■ **What you will do**:
Restate exactly, and only, the lines from the one with "Black Canyon of" through the end of the data, with both of those end lines kept. Drop any pictures.

■ **Exercise data**:
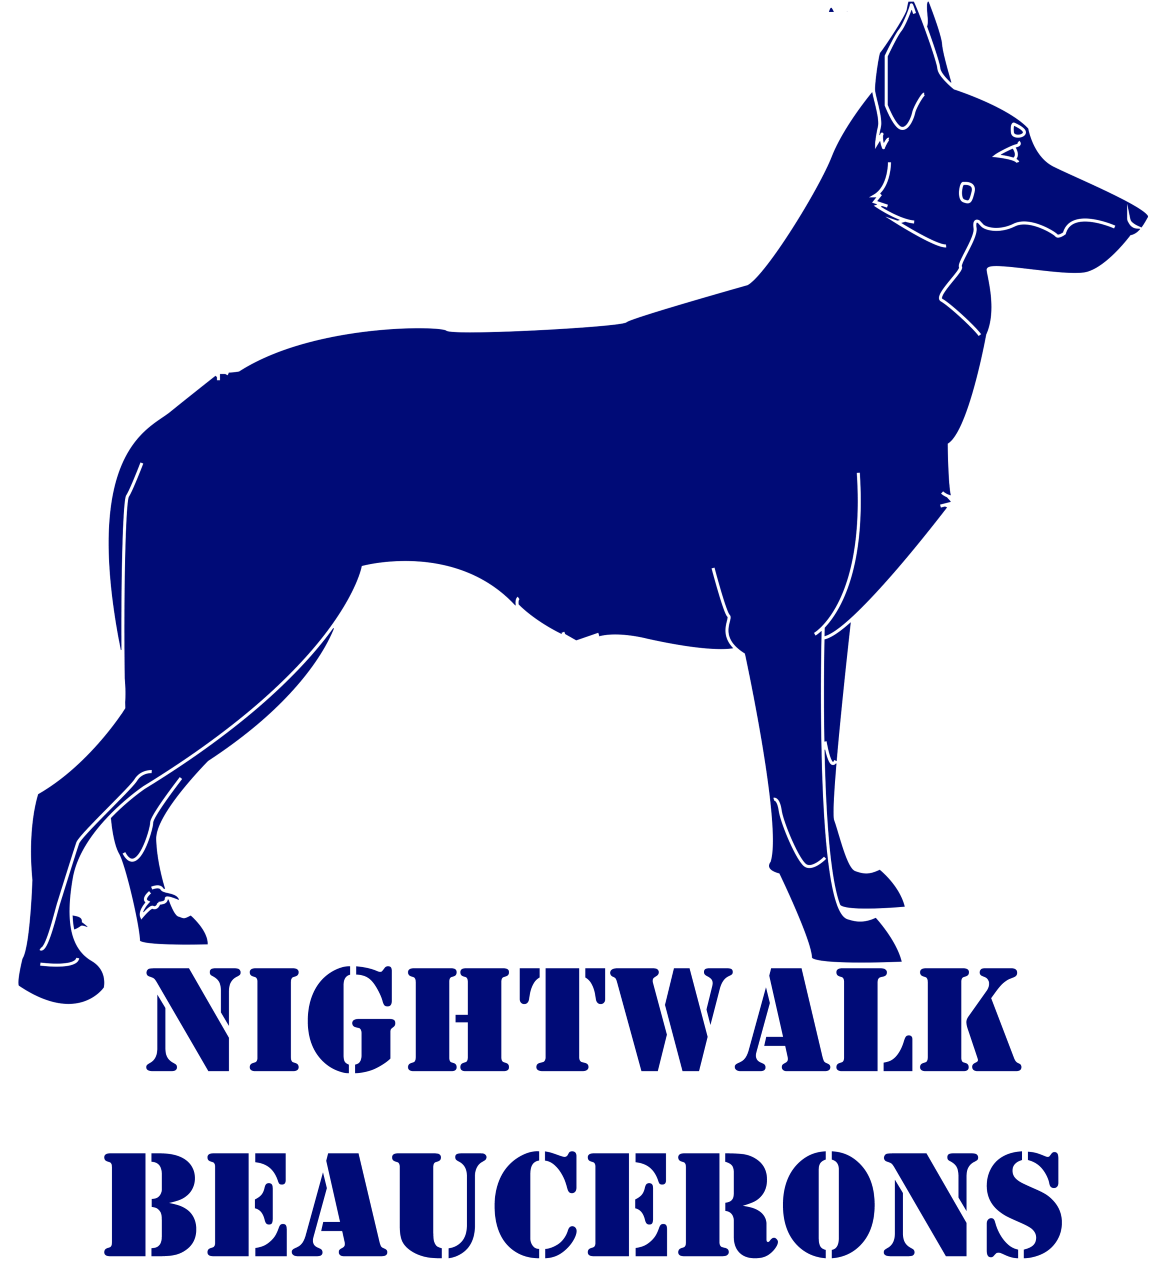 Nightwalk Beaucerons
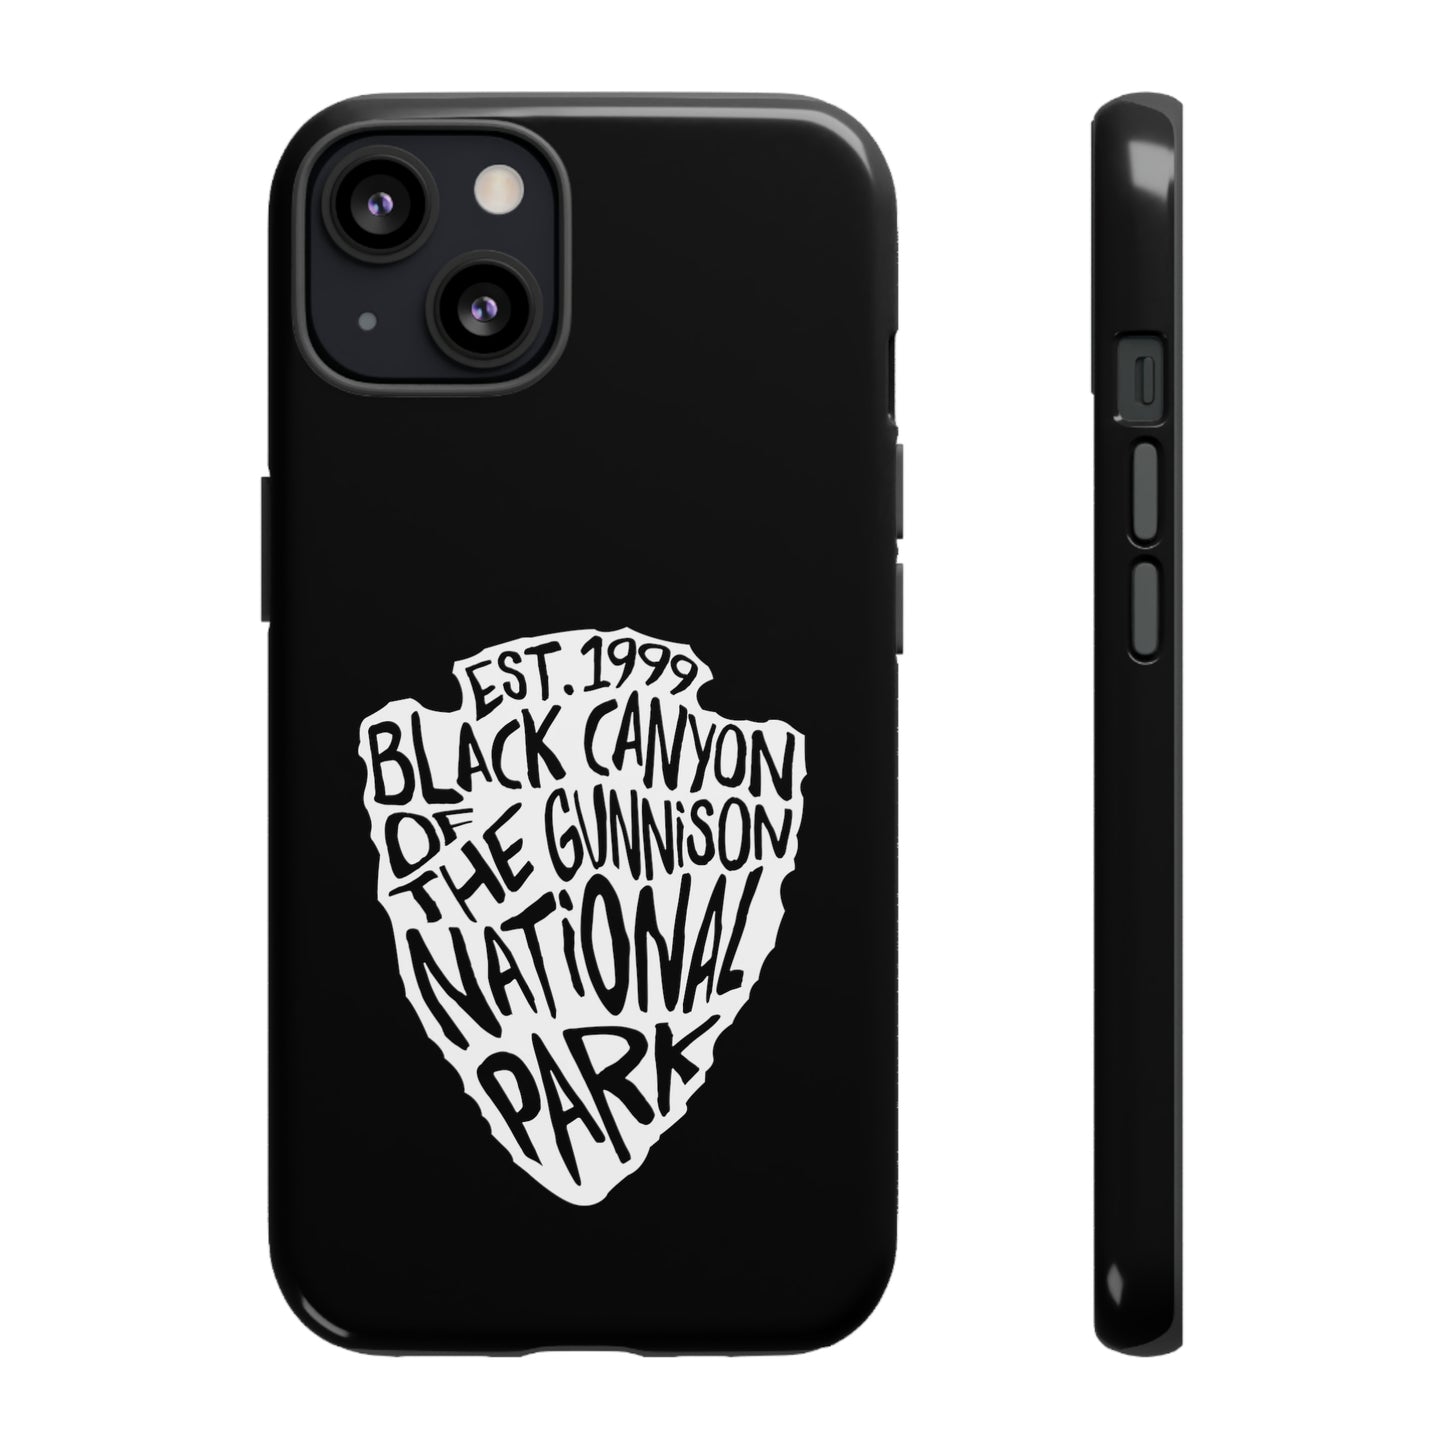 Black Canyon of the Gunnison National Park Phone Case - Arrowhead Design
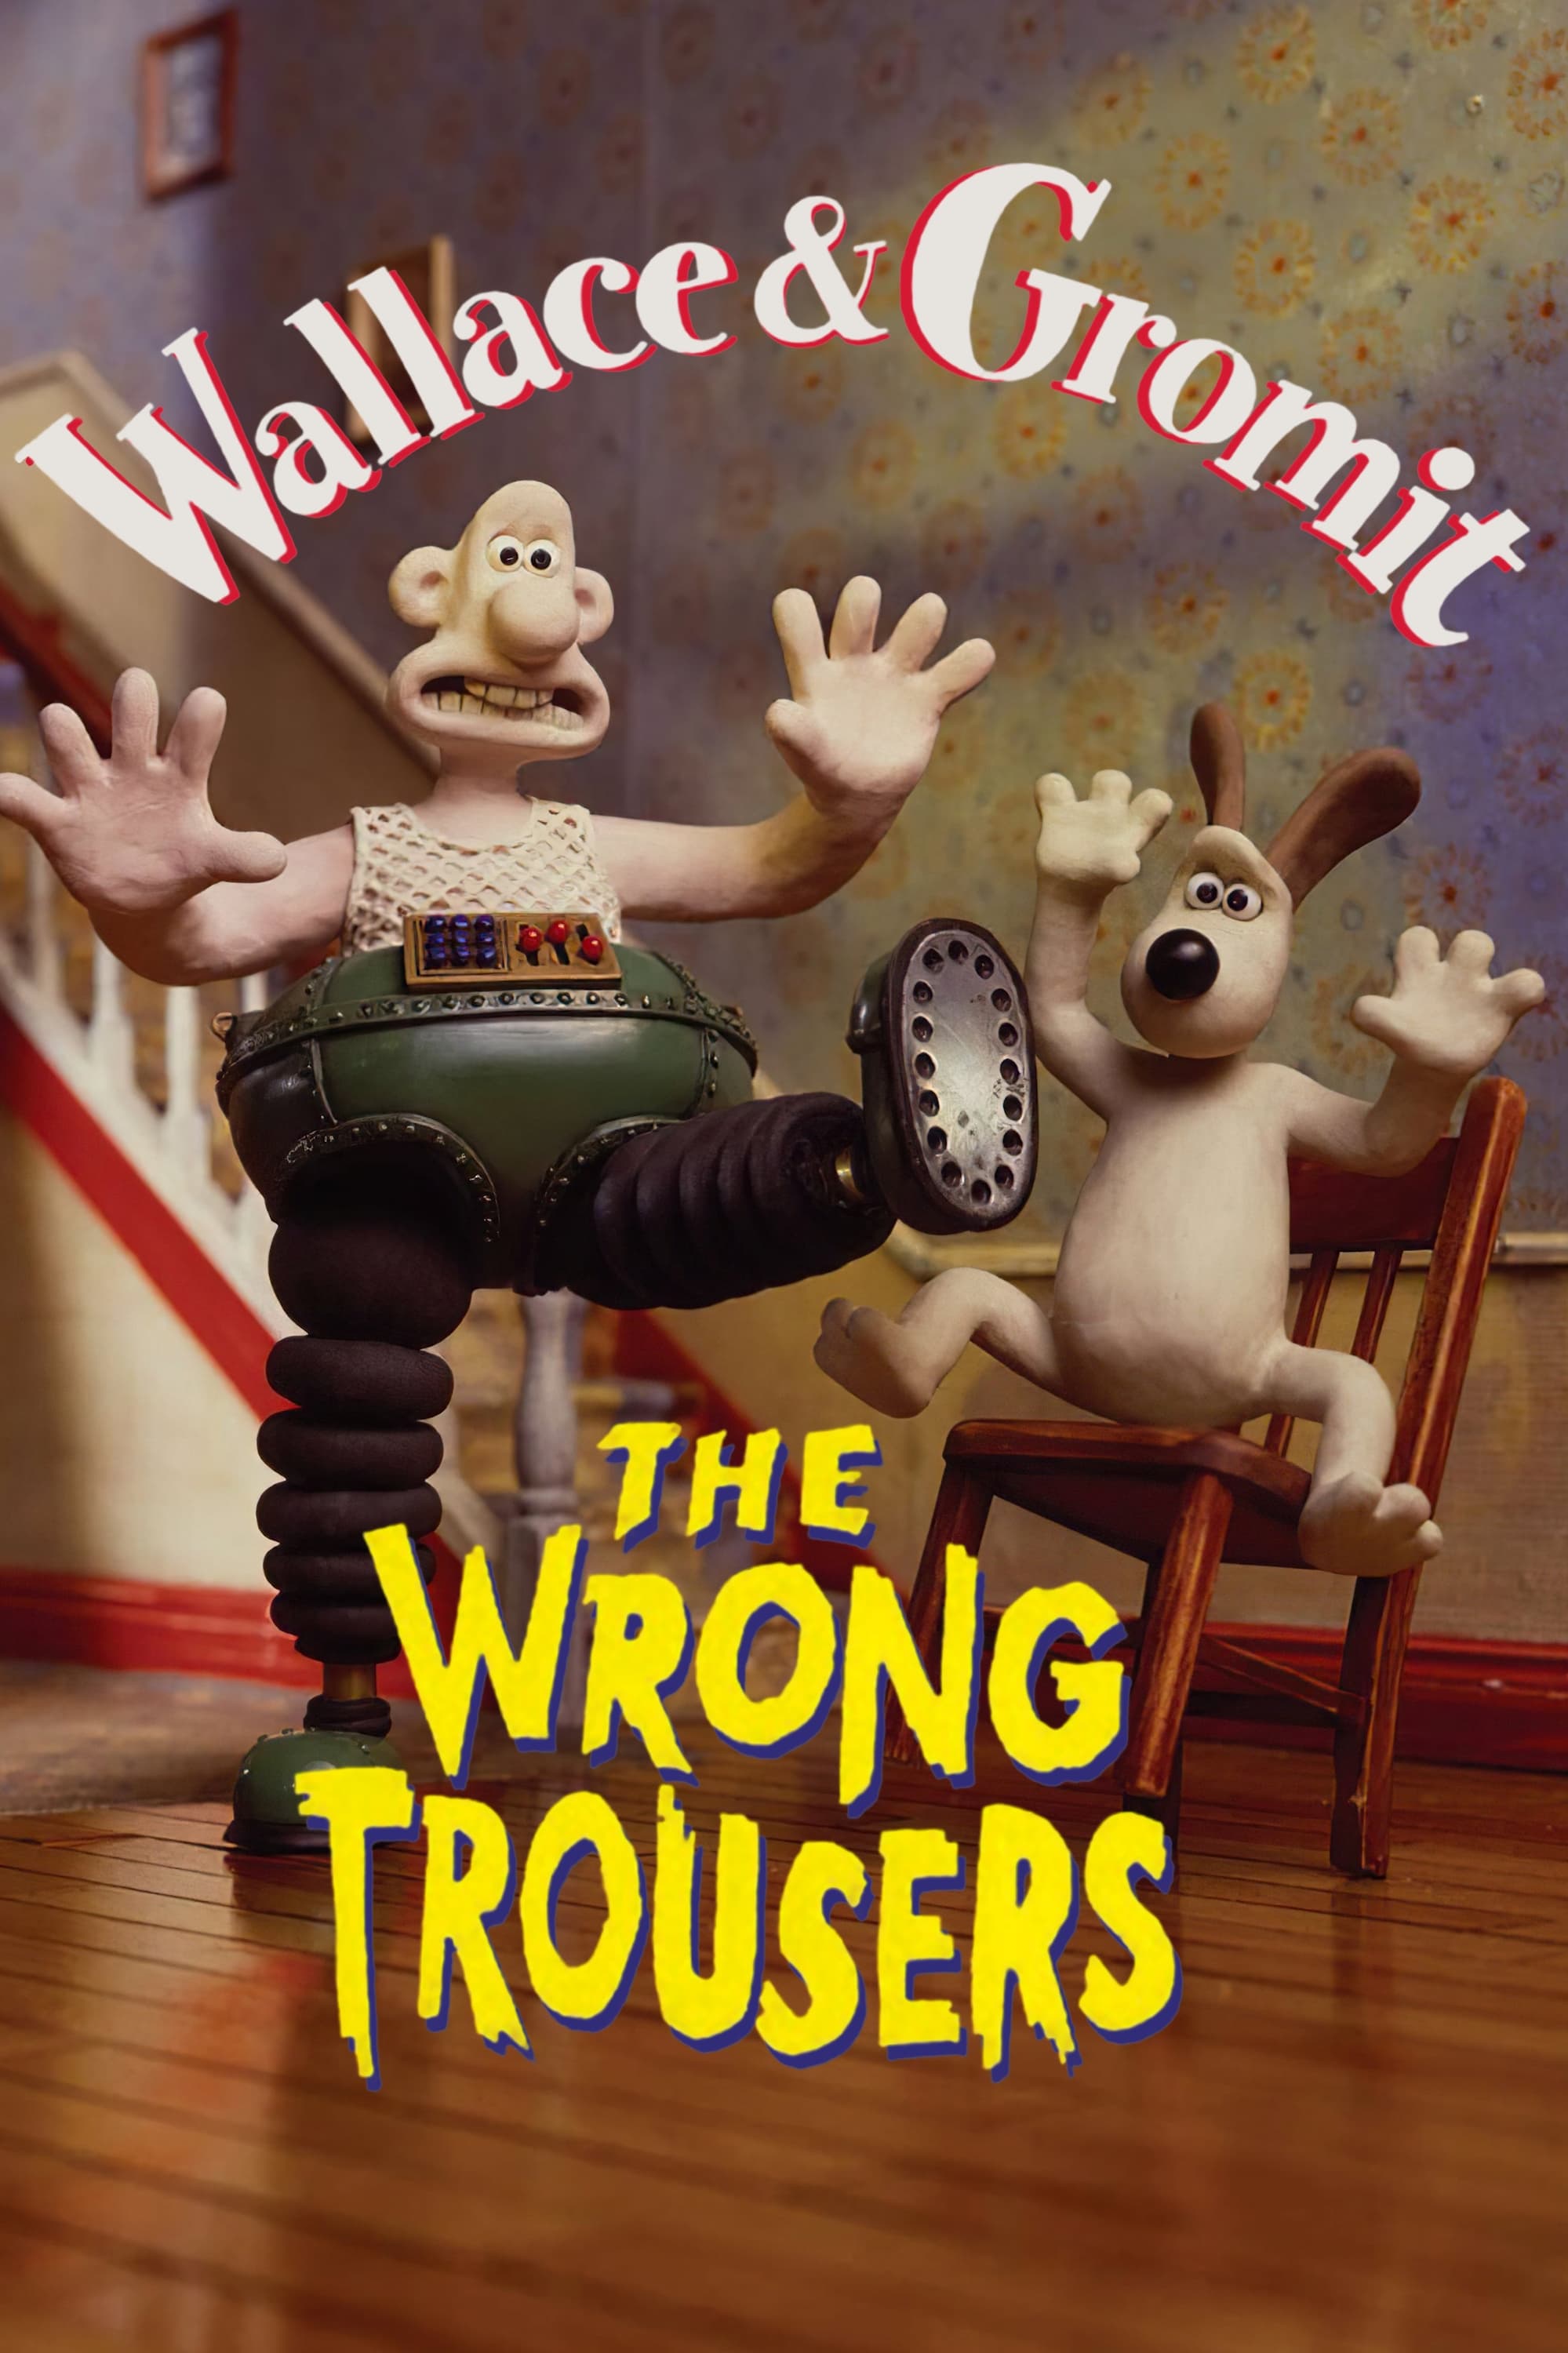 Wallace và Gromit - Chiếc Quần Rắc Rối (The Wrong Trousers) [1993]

■ **Response area**:
 Black Canyon of the Gunnison National Park Phone Case - Arrowhead Design
 Wallace và Gromit - Chiếc Quần Rắc Rối (The Wrong Trousers) [1993]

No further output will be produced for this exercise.